DATA SEGMENT:
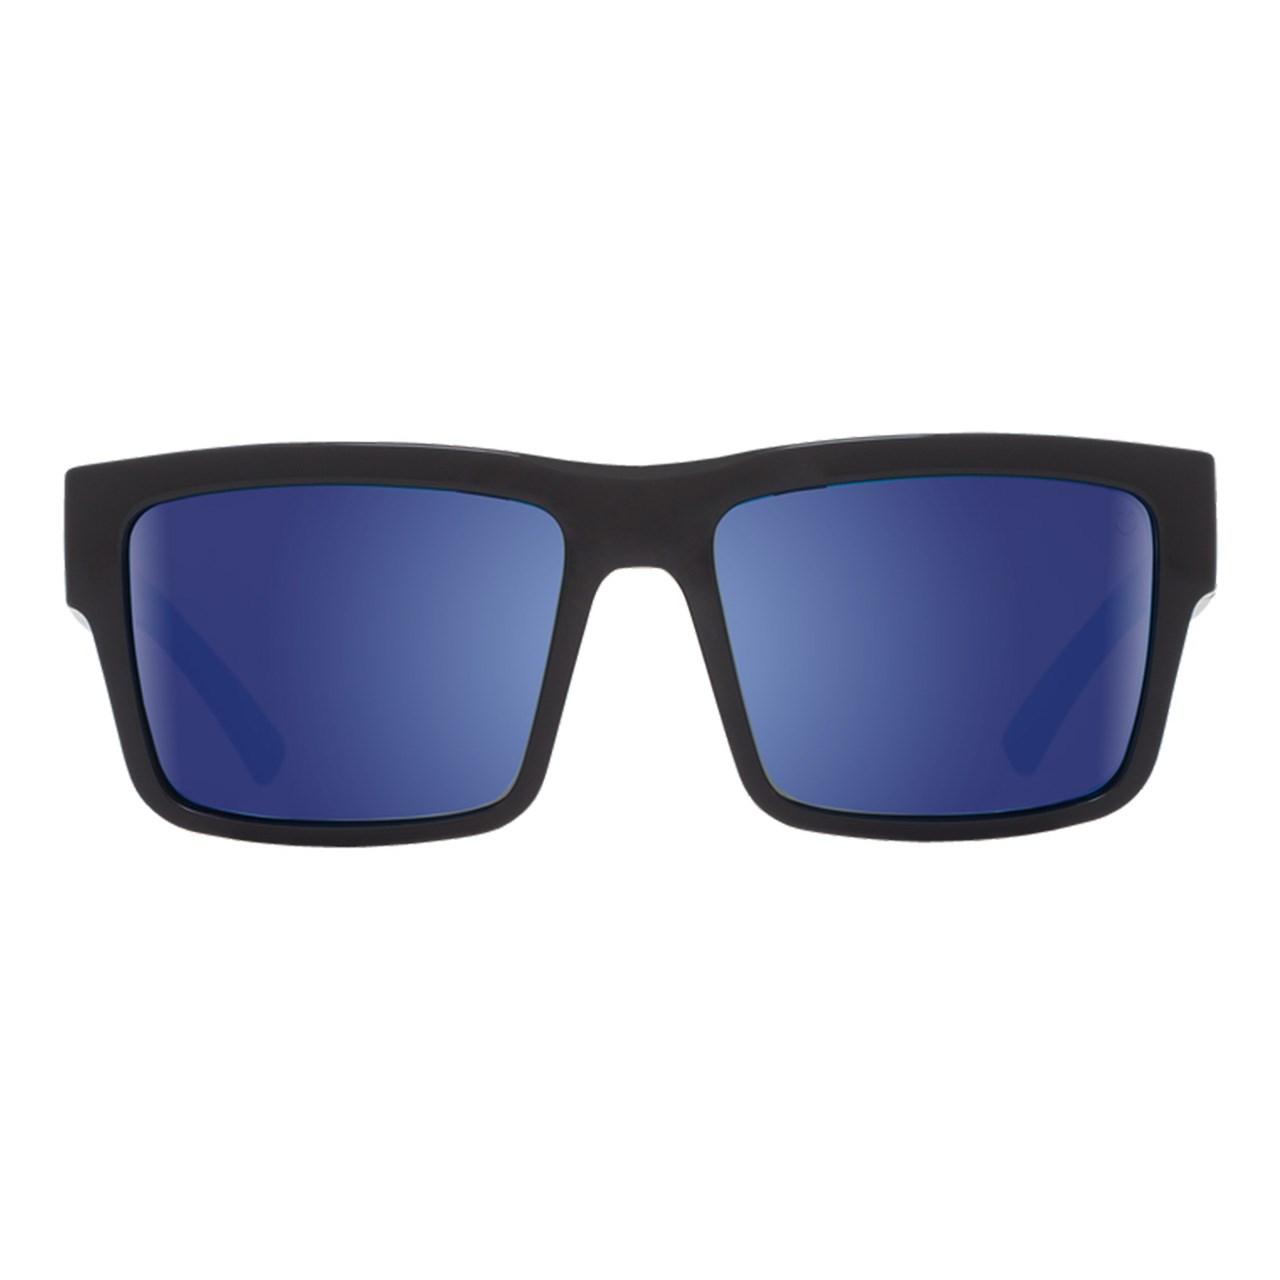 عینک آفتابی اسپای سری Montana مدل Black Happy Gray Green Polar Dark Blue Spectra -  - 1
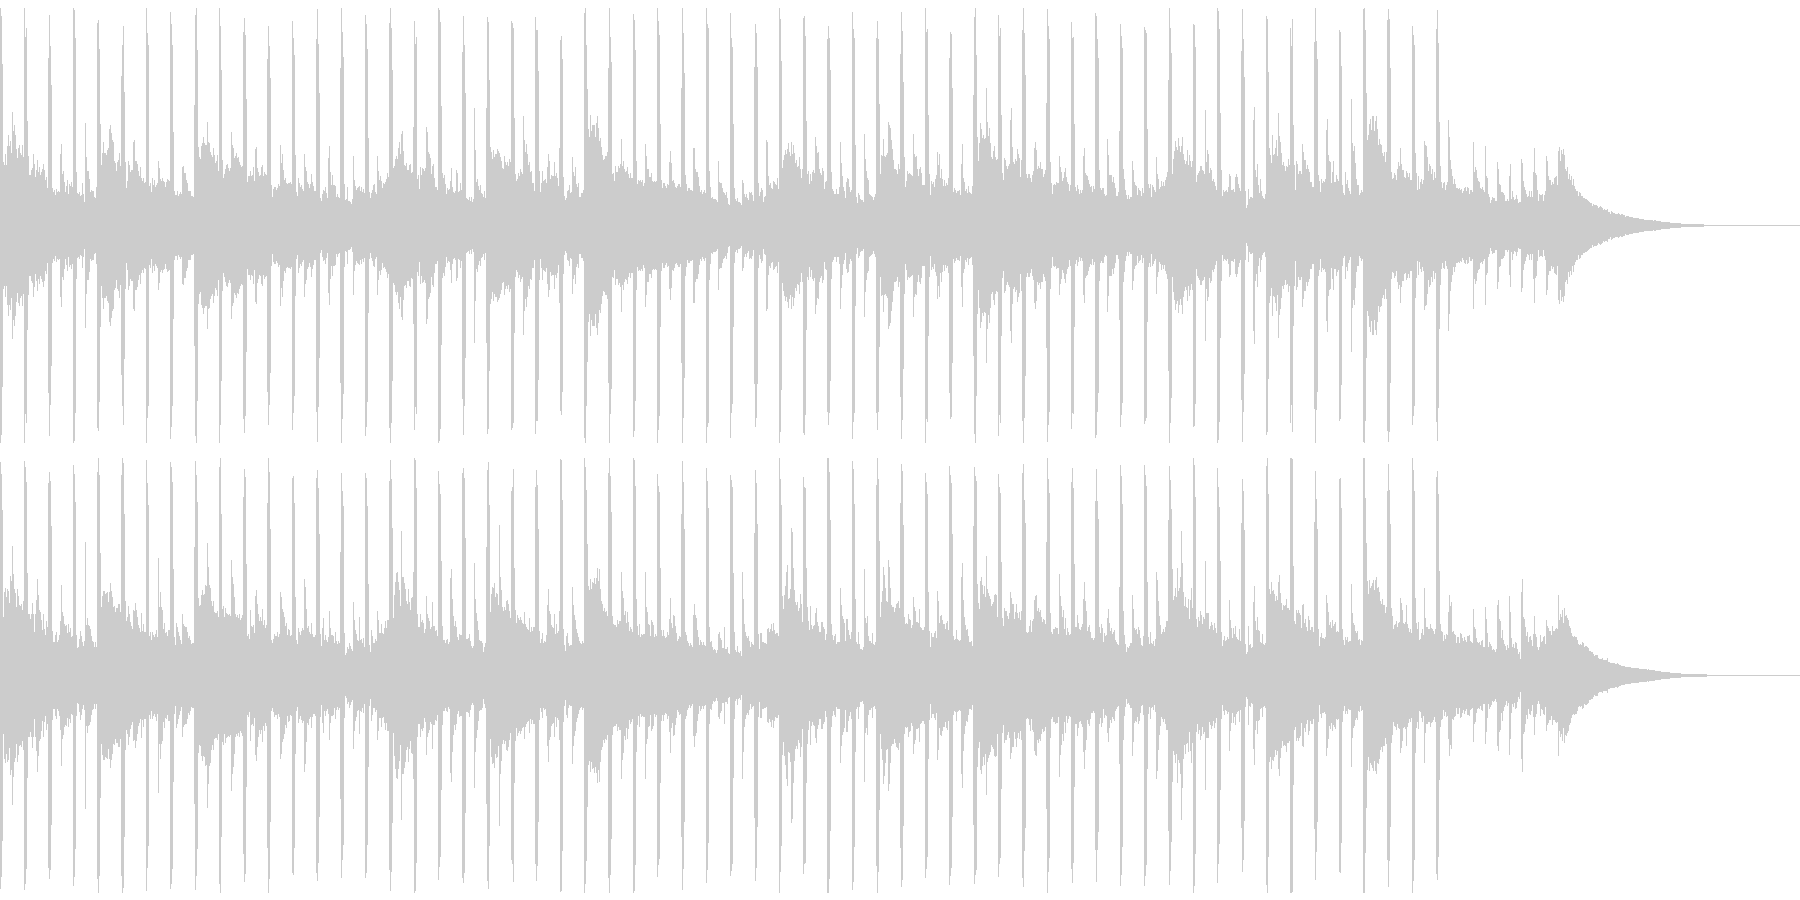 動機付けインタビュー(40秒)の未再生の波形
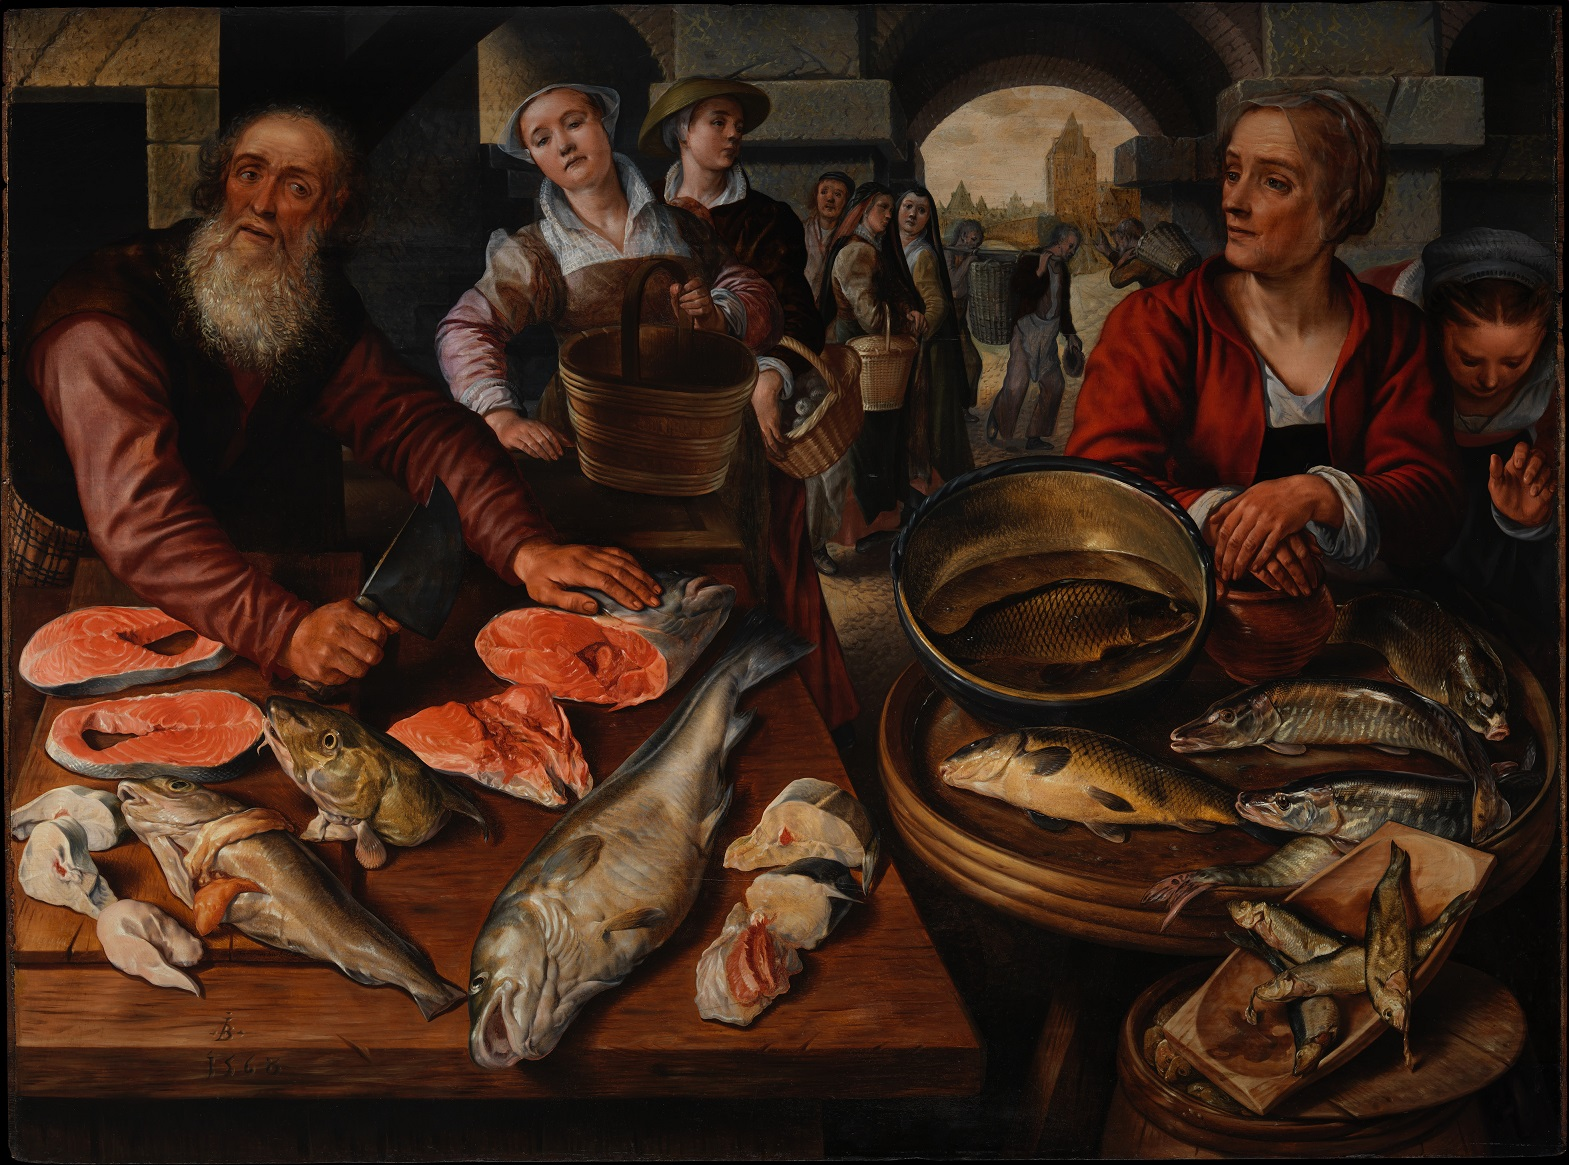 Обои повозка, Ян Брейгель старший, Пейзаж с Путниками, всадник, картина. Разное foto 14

WHAT TO DO: The expected output is the whole listing, word for word, minus its pictures.

ANSWER TO THE PROBLEM:
 عینک آفتابی اسپای سری Montana مدل Black Happy Gray Green Polar Dark Blue Spectra -  - 1
 動機付けインタビュー(40秒)の未再生の波形
 Обои повозка, Ян Брейгель старший, Пейзаж с Путниками, всадник, картина. Разное foto 14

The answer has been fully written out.